1. I lift my heart. The Hebrew noun used is nefesh, meaning “essential self” or “life-breath.” The clear meaning of the idiom is to pray fervently or plead.

3. be not shamed / . . . be shamed. In the Hebrew, the positive and negative use of the verb trace a perfect chiasm, because the first verset ends with yeivoshu, “be shamed,” or “know shame,” and the second verset begins with the same word.

4. inform me / . . . instruct me. Though the genre of this psalm is a supplication, instead of the usual central emphasis on the acute distress of the speaker (of which there are some strong expressions in the poem), this text stresses the speaker’s sense of having erred (verse 7) and his desire for guidance from God about the way he should follow.

7. recall me—You. This startling juxtaposition of “me” (li) and “You” (ʾatah) is striking in the Hebrew, which otherwise would not idiomatically require the introduction of the second-person pronoun after the imperative verb.

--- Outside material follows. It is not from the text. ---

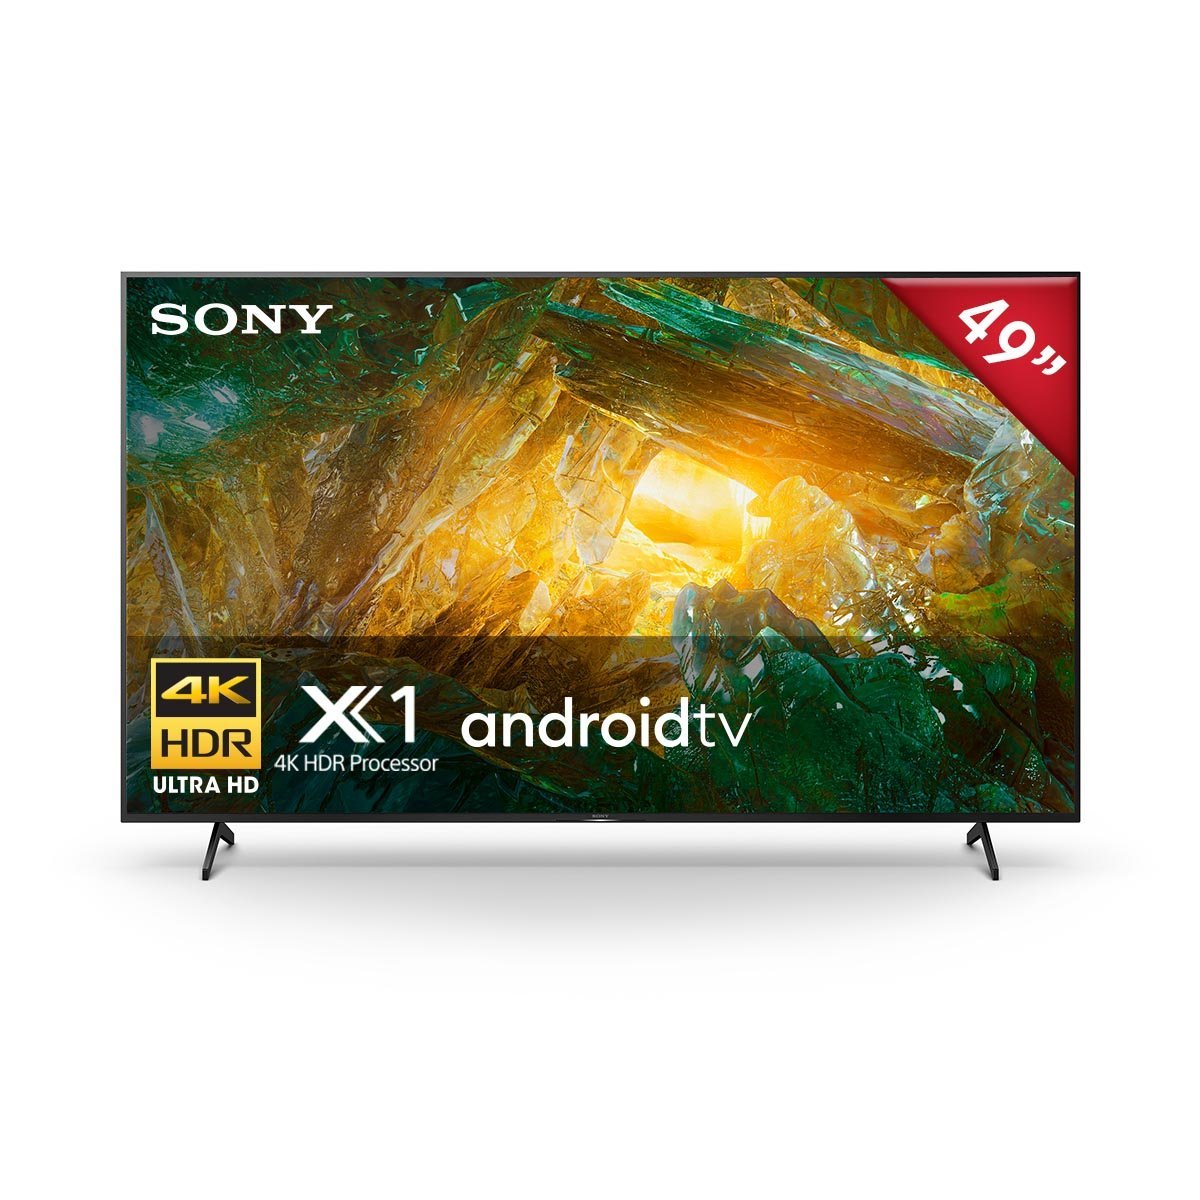 Pantalla Sony 49" 4K Uhd Android Tv Xbr49X800H

8. He guides offenders on the way. The poet may be playing with the etymology of hataʾim “offenders,” which suggests missing the target and hence, by implication, straying from the right way. The word for “guide,” yoreh, could also be a pun on “shoot,” as Rabbi Israel Stein has suggested to me.

13. His life will repose in bounty. The subject of this sentence is the ubiquitous nefesh, life or essential self. The orientation of vision is toward existence in the here and now. He who fears God will go to sleep each night (the verb talin, “repose”) enjoying the good things of this world, and his offspring will have a secure inheritance.

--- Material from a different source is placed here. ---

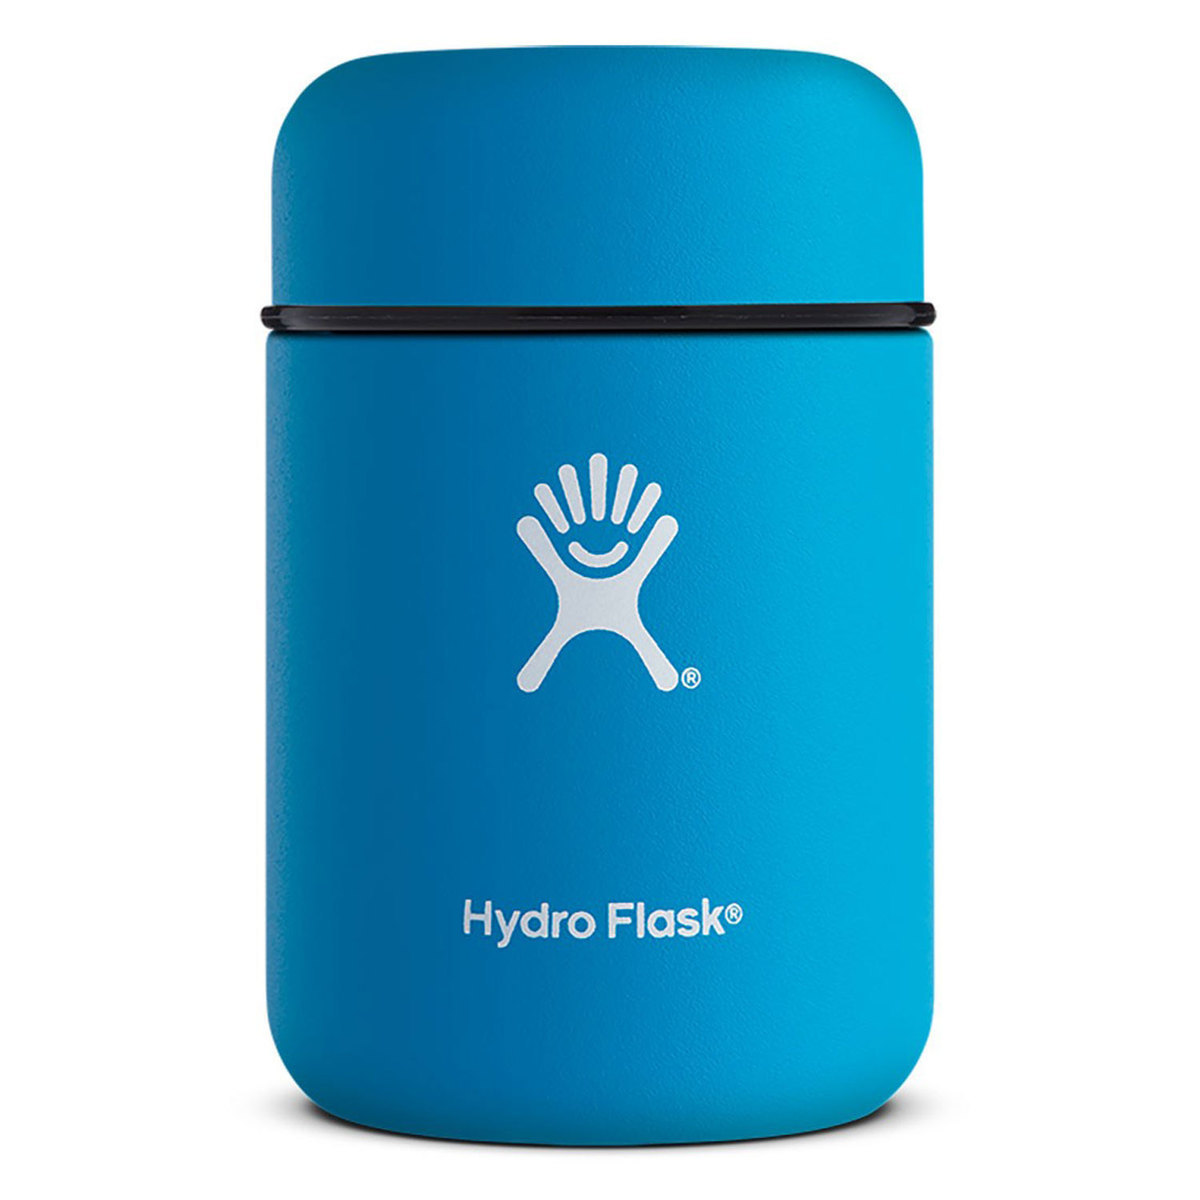 Hydro Flask Food Flask, Pacific, 12 oz

15. for He draws my feet from the net. The metaphor, frequently used in Psalms, is taken from the nets used to trap birds and small game.

18. See my affliction and suffering. This verse and the next one begin with the letter resh. It is a plausible scholarly conjecture that instead of the verb reʾeh (“see”) at the head of the verse as we have it, there was originally another verb, beginning with the missing letter qof (perhaps qeshov, “hearken to”).

20. Let me be not shamed. The repetition, just before the end, of this phrase from verse 2 marks an envelope structure—a form, as we have seen, that is abundantly used in Psalms.

21. uprightness, wholeness. The King James Version’s “integrity and uprightness” is a good literal rendering of the Hebrew tom-wayosher but is unfortunately arrhythmic. Because tom and yosher are synonyms, the two terms combined may in any case be a hendiadys—two nouns bracketed to convey a single concept—yielding the sense here of “absolute integrity.”

22. Redeem, God, Israel from all its straits. This concluding verse lacks poetic parallelism and does not scan as a line of poetry. The national theme, moreover, has until this point not been evident in the psalm, which is spoken from the perspective of an individual. For both these reasons, one suspects that the verse was added by an editor as a conclusion from a repertory of stock verses.